**To do**. Print exactly the lines that run from the one containing "Revlon Bordeaux" to the final line of the data, both included, and print none of the pictures.

**Data**.
=== Begin Enclosure ===
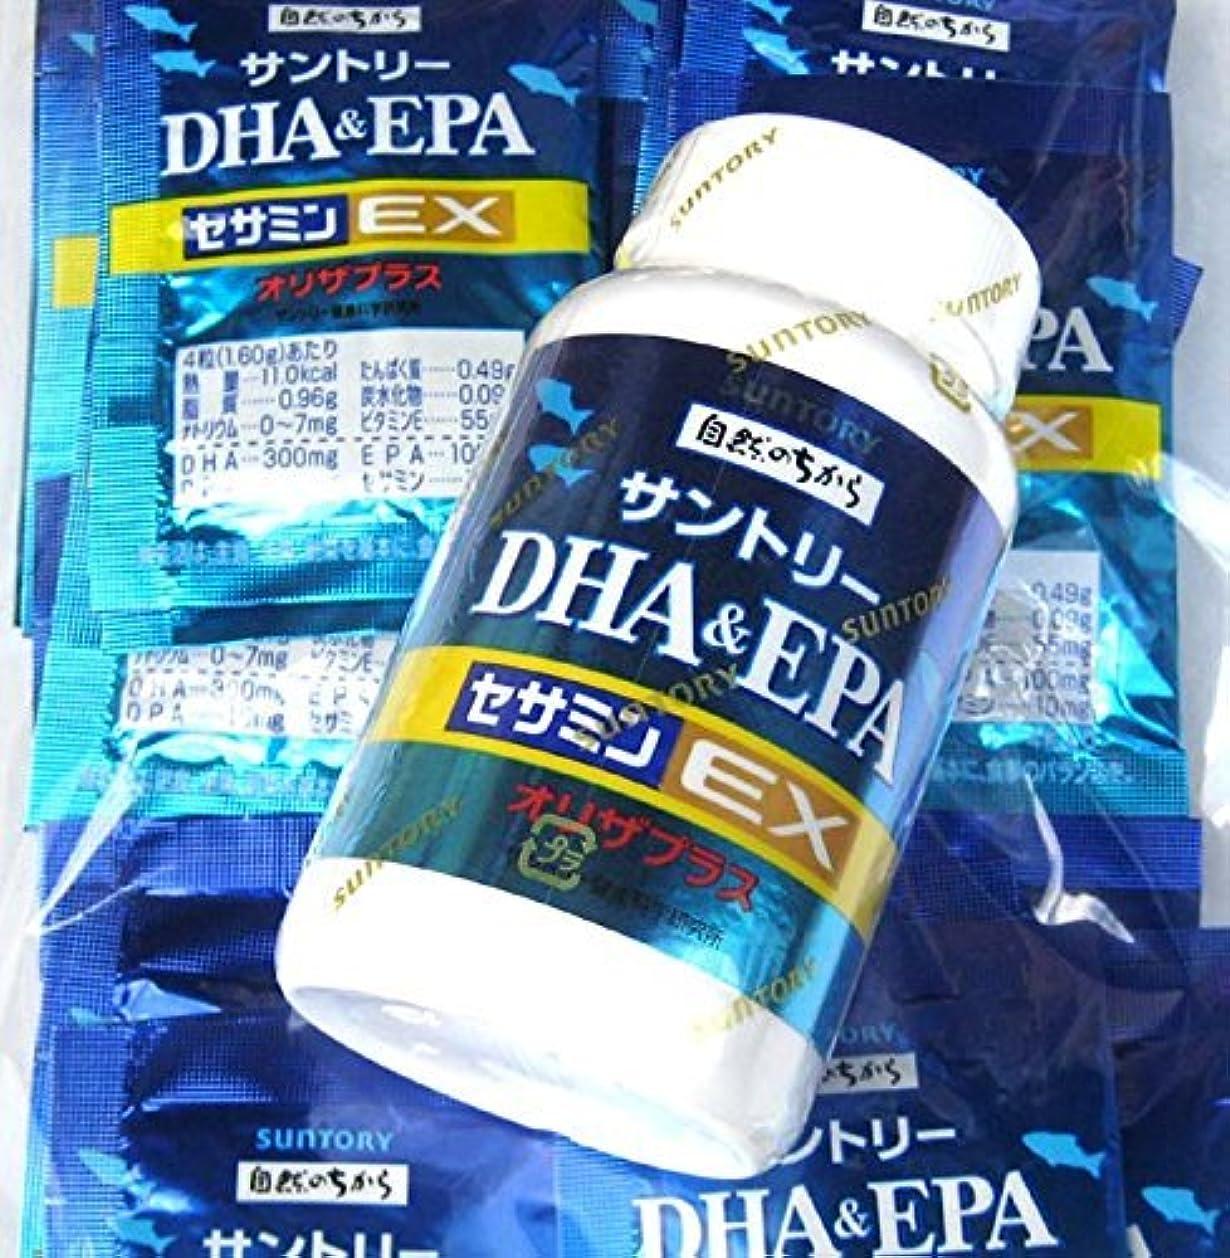 精算減らす怠感サントリー DHA&EPA+セサミンEX 360粒 (240粒+120粒
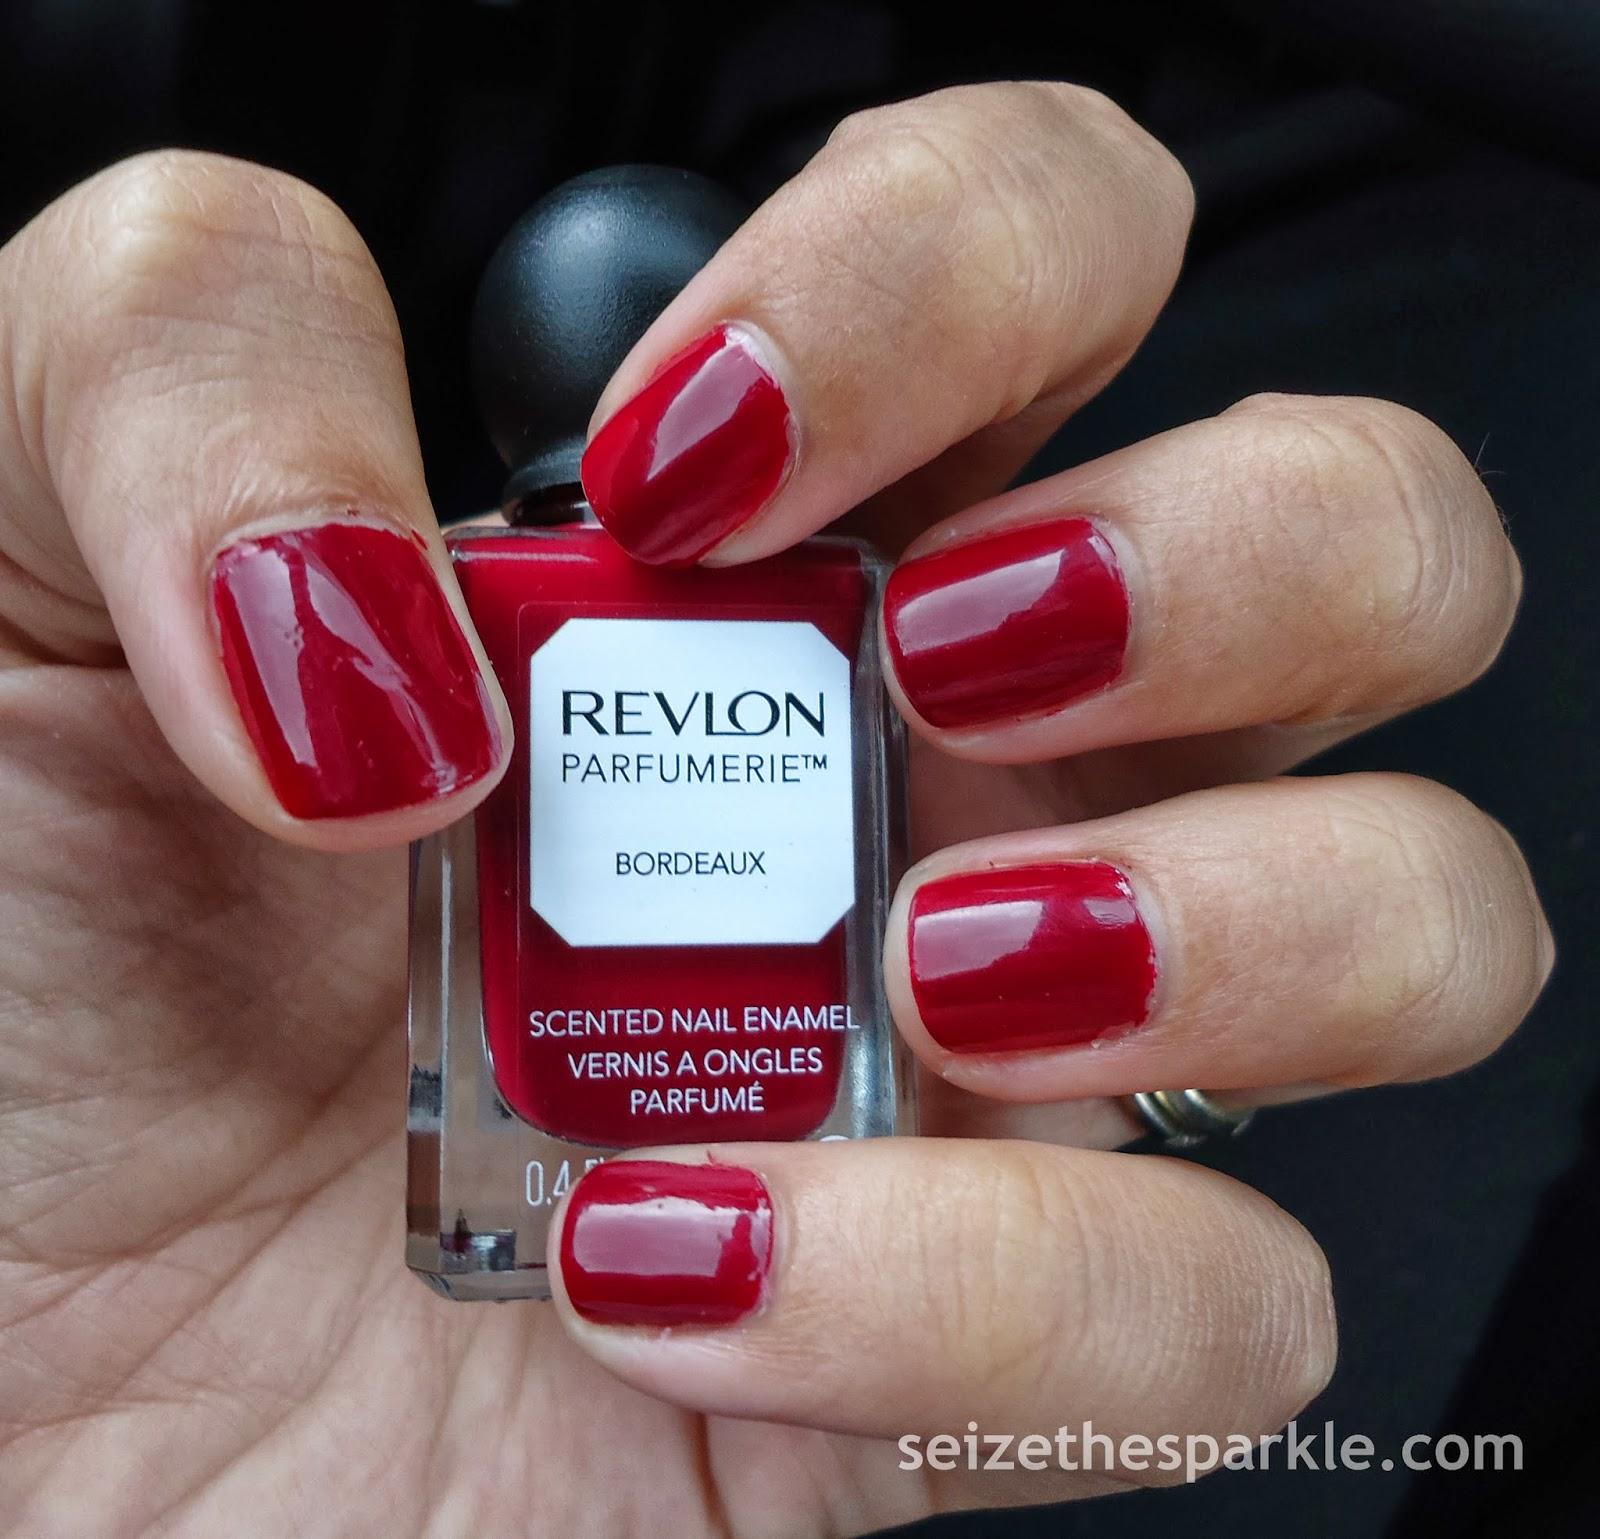 Revlon Bordeaux
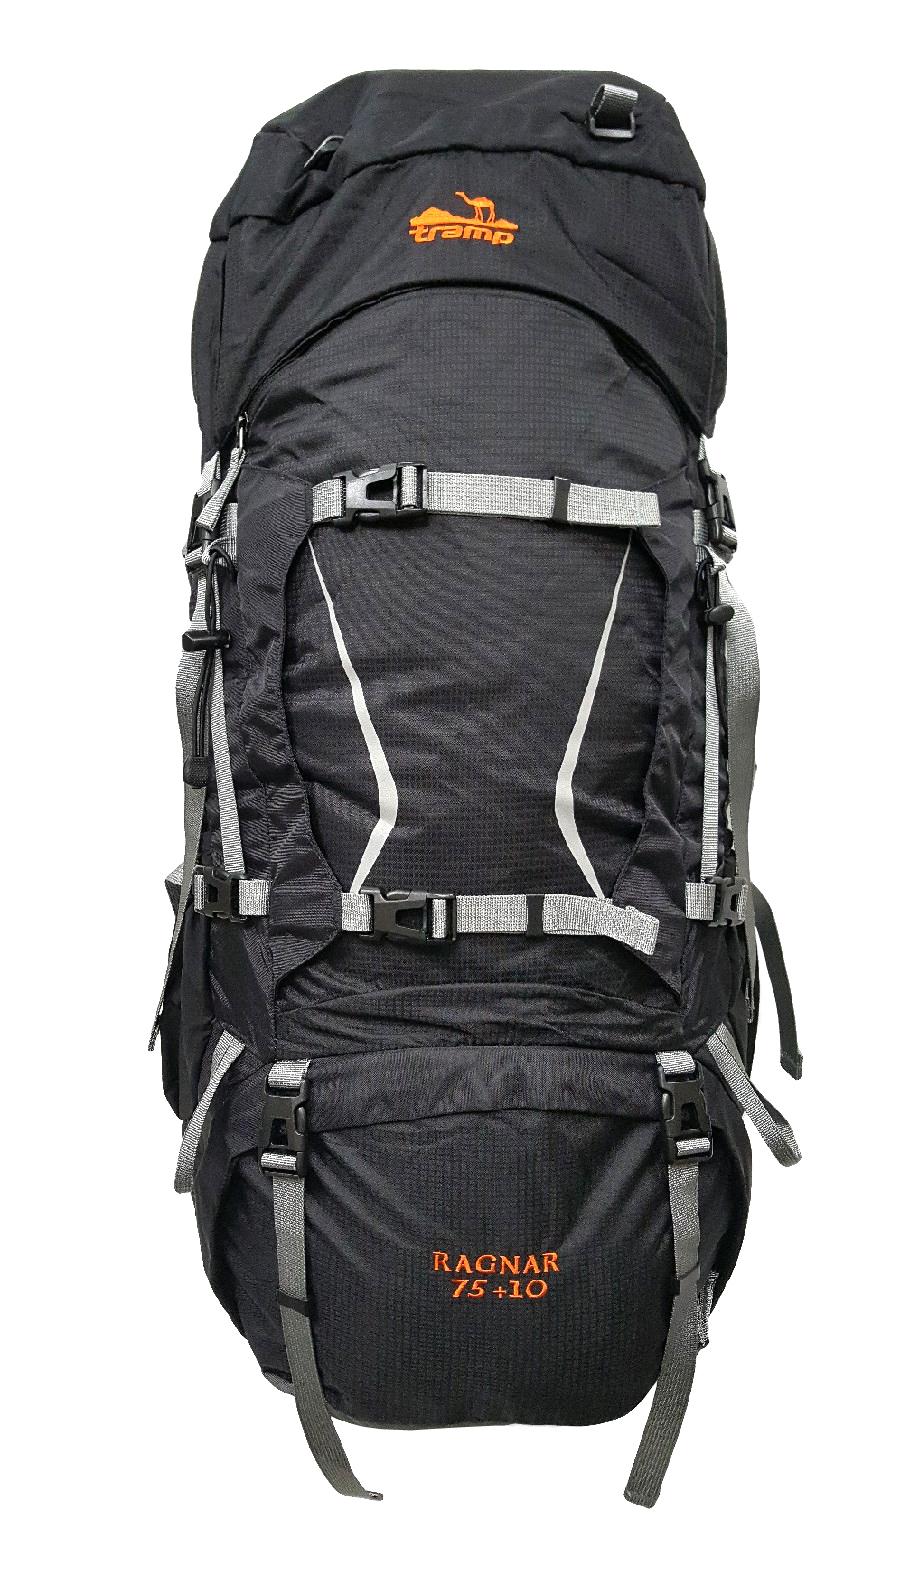 Туристический рюкзак Tramp Ragnar, черный, 75+10 л фото
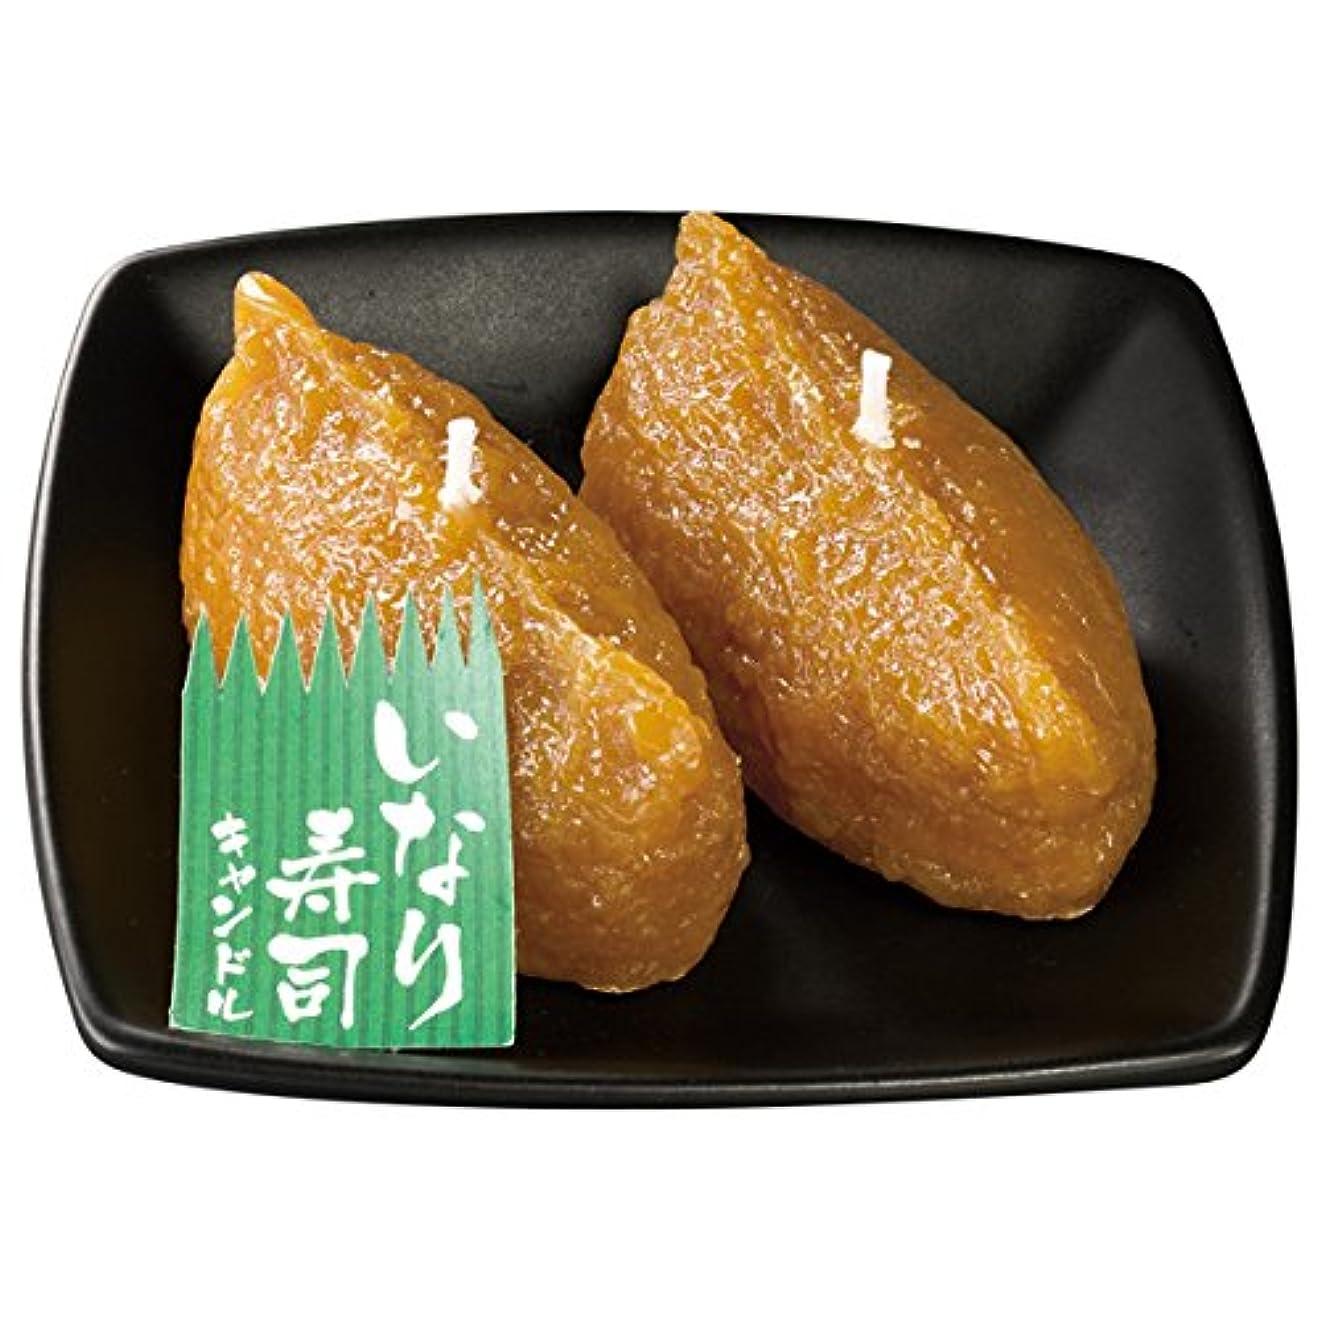 シーケンス線メンバーいなり寿司キャンドル
=== End Enclosure ===
**Answer box**.
 Revlon Bordeaux
 Туристический рюкзак Tramp Ragnar, черный, 75+10 л фото
 シーケンス線メンバーいなり寿司キャンドル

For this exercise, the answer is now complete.